It’s confession time. A conversation about juice has Milisuthando Bongela considering her black privilege and its proximity to whiteness
“You dranked my juice,” he said to me after I opened his bottle of juice and drank it.
“I know. I drank it because you were on the phone and I like that flavour,” I explained, hoping he had heard me say drank instead of dranked.
“It’s okay,” he said, “I don’t mind that you dranked it first. How did it taste?”
“Good,” I replied. I shifted the conversation, but stopped listening because I was fixated on the language error in his speech.
“It’s drank you know, not dranked,” I said quietly, anticipating an acerbic response meted out by a mind bigger than my own.
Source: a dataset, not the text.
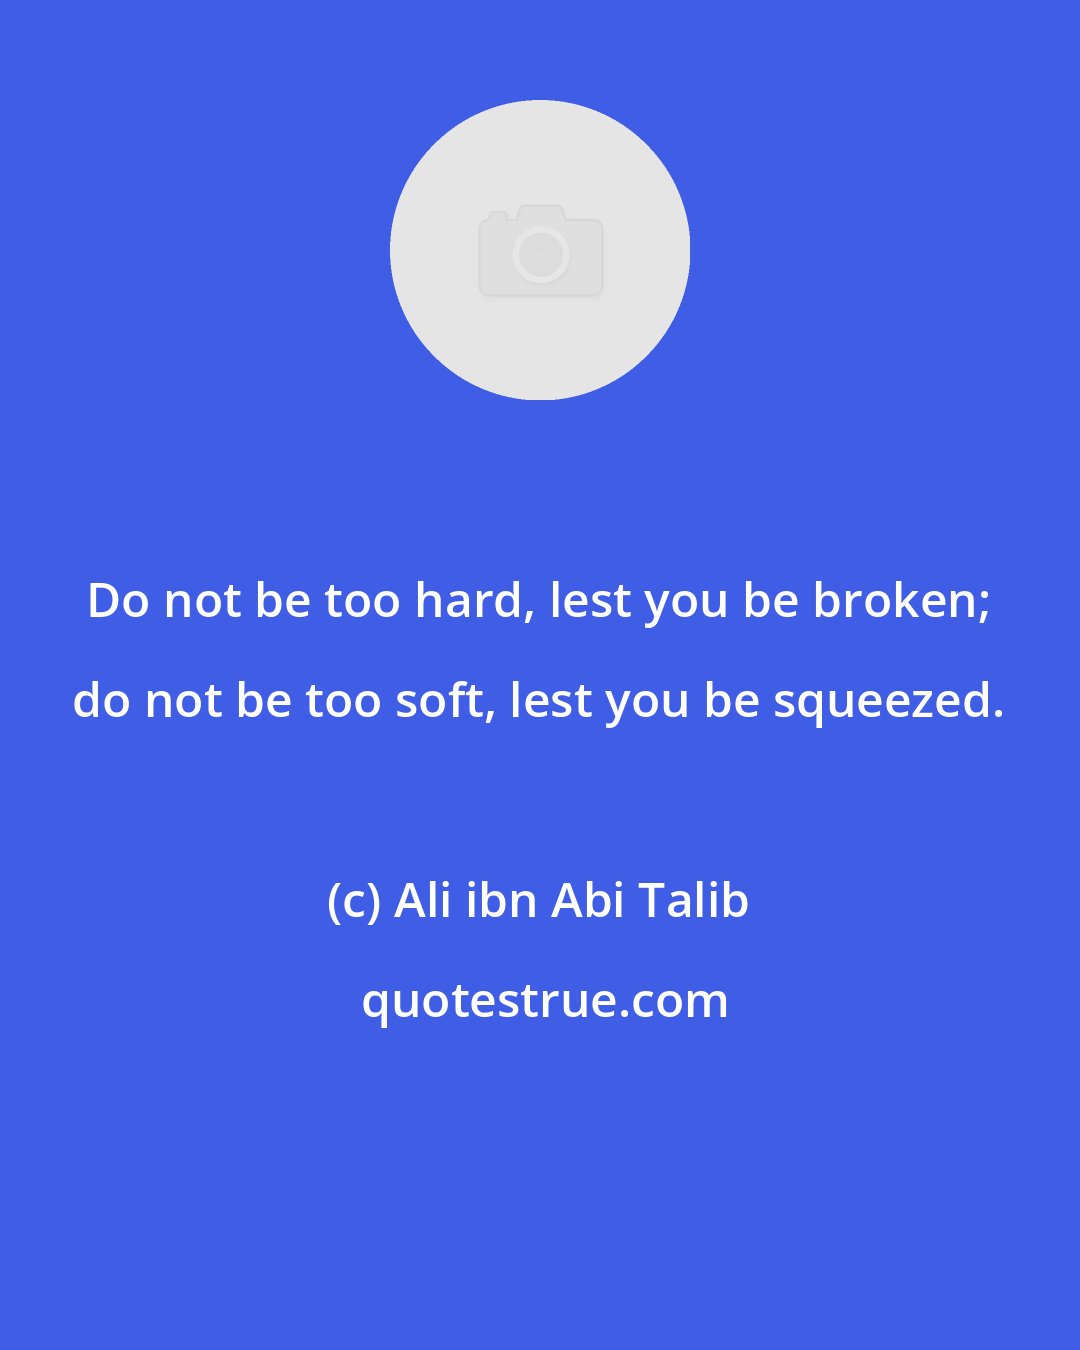 Ali ibn Abi Talib: Do not be too hard, lest you be broken; do not be too soft, lest you be squeezed.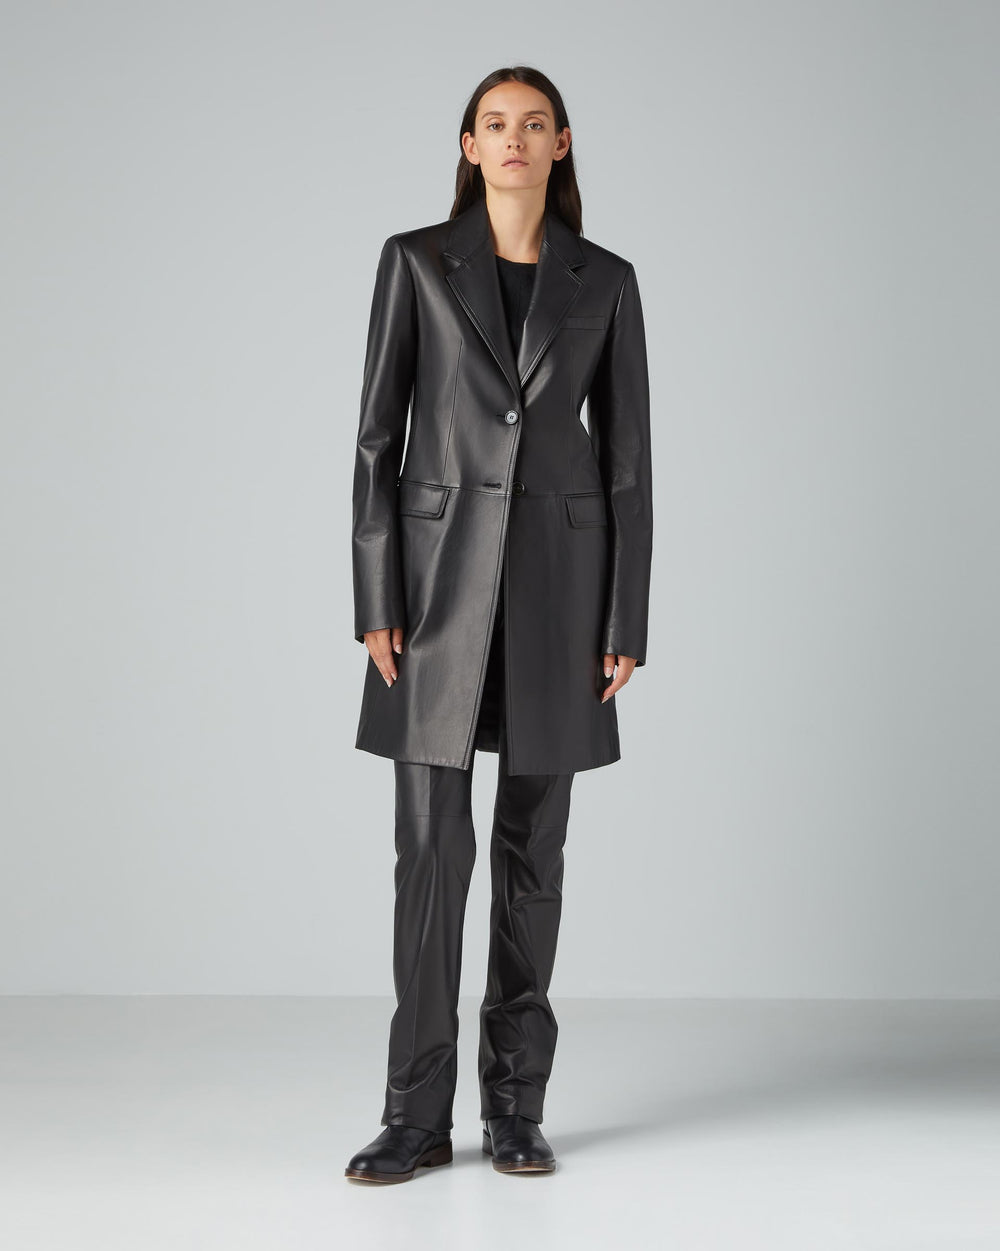 Stephanie Coat in Nappa Leather, Black

My mind knows more, but isn’t necessarily wiser than his.
“Did you understand what I was saying?” he asked.
“Yes I did.”
“Then that’s all you need to consider.”
And with the logic of those seven words, I was cut to size.
It didn’t end there.
“Decolonising is practice, you know,” he declared. “We may communicate in the oppressor’s language, but I don’t respect it enough to want to be good at it.”
He said he wished I had done it when he was attempting to speak my home language, isiXhosa, which he does not speak fluently.
I guarded my words when I realised that I had just re-enacted a scene I saw too many times and hated as a child.
“You just reminded me of my white school teachers who used to beat this language into us,” he said with a smile that disarmed my defensive position.
I didn’t feel bad as much as I felt misunderstood. In my mind, I wasn’t one of those judgemental Anglophile black people, because I’m “conscious”, I’m “woke”, I understand how oppressive systems work.
His words lingered and settled in places that were longing for them ... You have to question your proximity to whiteness and what that means for you if you have chosen to fight against whiteness. You have to betray the arrogance of thinking that the world beyond that proximity needs to be corrected to those (and your) standards.
You can’t be the thing that you want to destroy. So what if you’ve read Biko? What are you doing with his teachings, besides repeating them and wearing them to dinner parties? What are your own thoughts? You want to be free. You need to think about how to free yourself before you free other people...
I drank my own juice at this point and wondered whether I corrected him because I love the language or because I couldn’t help myself from exerting an unconsciously perceived “better blackness” over him because of its proximity to whiteness both in language and attitude.
How often is a wedge driven between the black African person and his or her true essence, which is whole and perfect and should revolve around itself? But in the world, this essence is dismissed or judged according to an imported and oppressive pyramid scheme of standards.
Fix your hair. Your skin colour is an adjective. Where was your father? Don’t use the olive oil. Why are you late? The fees have fallen, so everything must go back to normal. I didn’t recognise you without your blue overalls, William. I’ll never use another black agency. It’s pronounced Khaan not Cans...
We, the privileged blacks, the colonised, the sufficiently inhabited by foreign ways of being, the comfortable ones, just like our handlers, like to make effigies of poor people every day, paying lip service to their wellbeing, but we burn them in the perennial flames of our judgement for not being like us, just like our white handlers did to us.
Despite my daily efforts to save the world from structural injustices, I still chose to judge a black man because he used an English word wrongly instead of accepting the fact that I understood what he was saying and letting that be that.
Have I become a benevolent elitist, trying to dismantle the master’s house using the master’s tools? Self-deprecating speech is unbecoming, but in this case I wonder about some of the nice things I’ve become used to, like filter coffee and using words like “patriarchy” in everyday speak.
I’m not sorry for my relationship to these things, but I can’t pretend that I have divorced my class privilege just because I am aware of it. I know my privilege is a lazy, cheating parasite, but I’ve been too concerned with the things outside of it to realise that I should also be fighting the injustices that live so comfortably in my own head.